Many UK universities award honorary professorships as unpaid, non-staff roles for other academics to collaborate with their academic staff, with an expectation that they will contribute to the work of the university. Appointments are normally made for a fixed period of time (usually three years) and renewal is possible.

People may wish be appointed to honorary positions at ranks lower than professor, such as honorary readers and honorary lecturer. Sometimes in one of that positions can be promoted to a higher honorary rank on recommendation by the internal university staff and department. Once approved at the university level, the title is then changed.

In Taiwan, more titles are used to recognise different levels of individuals. They are (in descending order of hierarchy):
- Honorary distinguished chair professor
- Honorary chair professor
- Honorary distinguished professor
- Honorary professor
- Honorary associate professor
- Honorary assistant professor

In China, top universities like Fudan University, Tsinghua University and Peking University have awarded honorary professorships. Recent recipients include Peter Bruce from Oxford, Reinhart Poprawe from Aachen Germany, Thomas Sargent and Anwar Ibrahim.

In Australia, Australian Catholic University, University of Queensland, RMIT, University of Western Australia, University of Wollongong, University of Canberra and Macquarie University all allow the appointment of honorary professors.

In New Zealand, University of Otago, University of Waikato, and University of Auckland also have provisions for the appointment of honorary professors. Recently, Richard Taylor was appointed honorary professor at Massey University. Mike Murphy of the Mitochondrial Biology Unit at University of Cambridge was appointed to honorary professor at University of Otago in 2016.

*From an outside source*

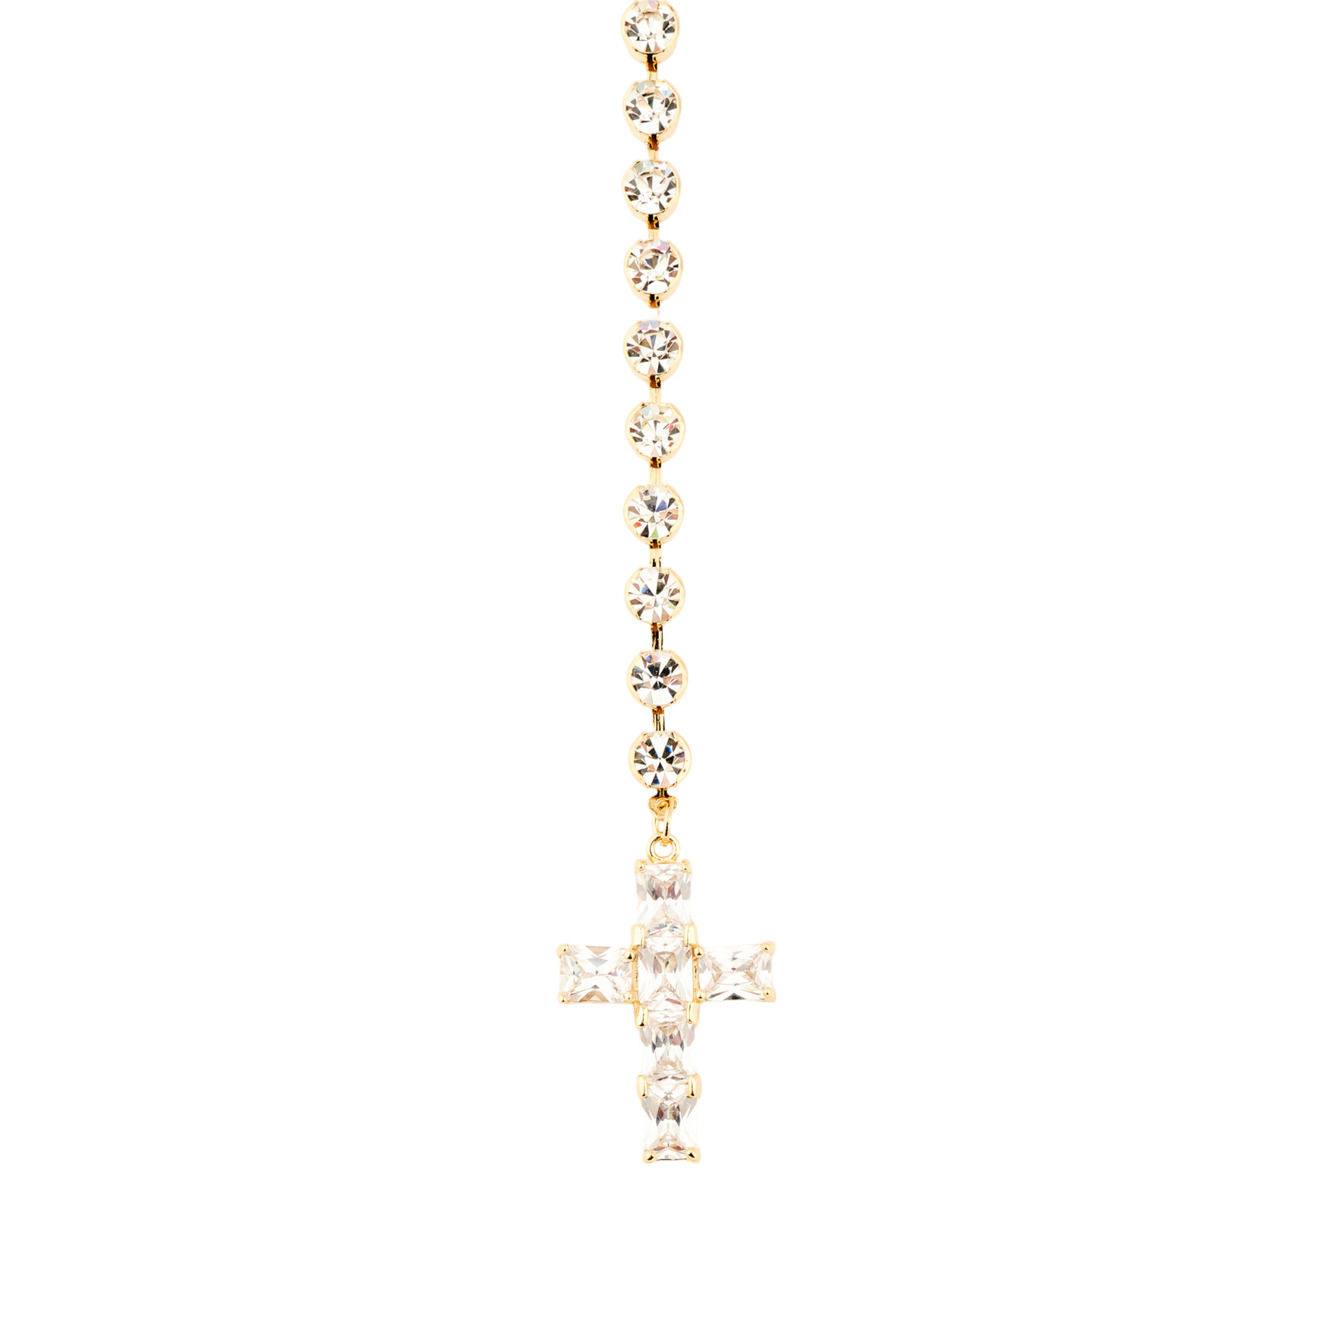 Herald Percy Золотистый сотуар с белыми кристаллами и подвеской крестом herald percy золотистое длинное колье с крестом с кристаллами

In Denmark, the honorary professor title is conferred in recognition of a person's special contribution to the subject area associated with faculty's activities. Honorary professors are expected to:
- Participate in research partnerships
- Give lectures
- Participate in PhD co-supervision or PhD examination committee

Although honorary professors are not paid a salary, the following expenses are usually compensated:
- Travel and accommodation during visits to university
- Daily expenses such as cost of meals
- A lecture fee

Aarhus University is an example university in Denmark that confers honorary professorships.

==Honorary fellow==
In some UK universities, such as Imperial College London, the title of honorary fellow may be a time-limited title awarded to people that the university wishes to recognise and collaborate with, in a similar manner to an honorary professorships.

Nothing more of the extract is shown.